It’s wild mustard season, the yard dotted with purple dame’s-rocket, white garlic mustard, and among the cattails a riot of yellow rocket.
cattails
Clear and bright, but the wind still blows. The long leaves of the cattails have started to brown, their curled ends bowing toward the west.
A trembling in the cattails: female yellowthroat. Birds flit through the treetops, smaller than the motes of grit in my ancient binoculars.
Leaves blow backward, signalling storms to come. Fallen crabapple petals litter the ground between the cattails like bloody thumbprints.

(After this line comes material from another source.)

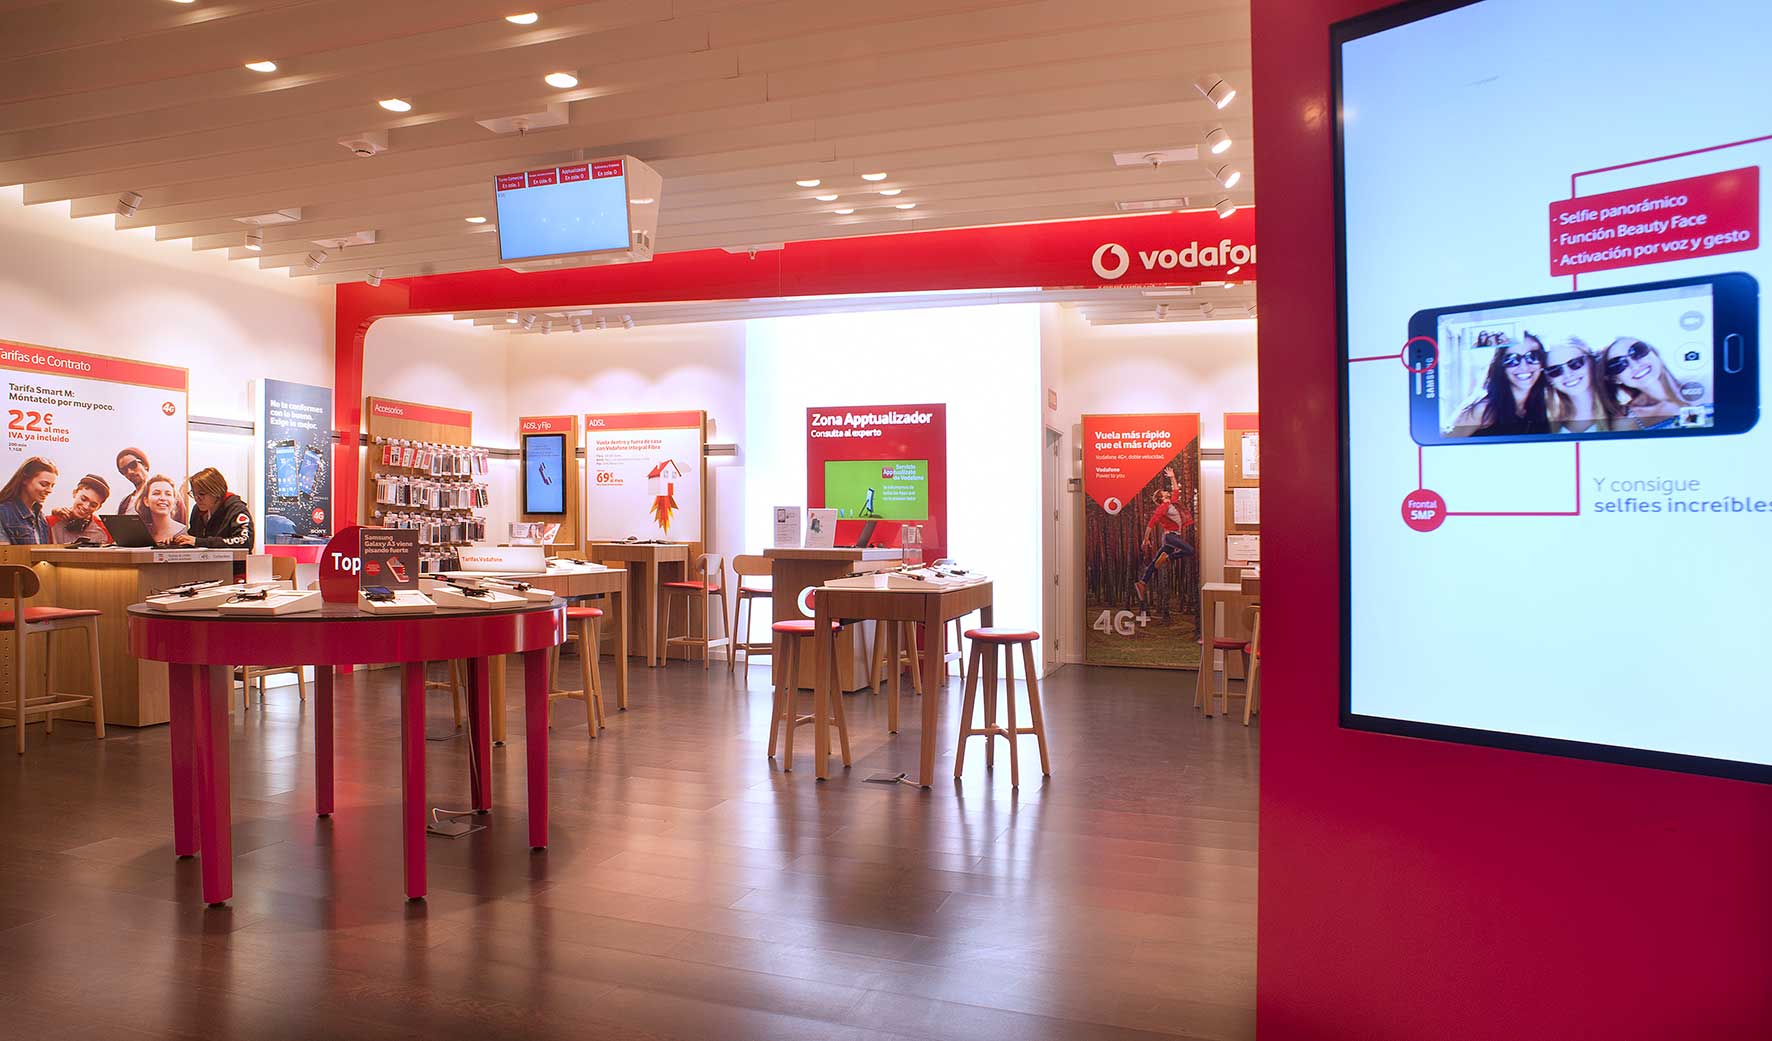 Decoración integral en puntos de venta para Vodafone

The phoebe sings lustily for the first time in days, hawking flies on the sunny side of the barn. Bits of cattail down rise from the marsh.
Fragments of sky are still visible behind the haze of new leaves. The cattails are shedding; tufts of down drift by. That Sunday silence.
Cool air, bright sun and silence, save for the rustling of cattails and the creaking of one dead oak cradled in the limbs of its neighbor.
Clear and bracing, like a shot of vodka. The thirteen cattail heads beside the springhouse sway gently in the dawn light.
Juncos hop on the icy snow between the cattails where a rabbit disappeared fifteen minutes earlier, taking the darkness with it.
The cattails’ broken blades are white with rime. Two juncos flutter up under the springhouse eaves, investigating the empty phoebe nest.
Halfway to the ground, a locust leaf reverses course and heads for the sky. The cattails whisper, a restive crowd, but the sun never comes.
The downpour eases, and the cattail leaves stop dancing. A burst of bird calls from within the dogwood thicket: waxwings, towhees.
In the springhouse marsh, 13 cattail spikes are turning brown. When I go over for a closer look, a deer pops her head up, swivels her ears.
In the light breeze, one clump of cattails waves out of sync; the sound of chewing. A few perfunctory phrases from a red-eyed vireo.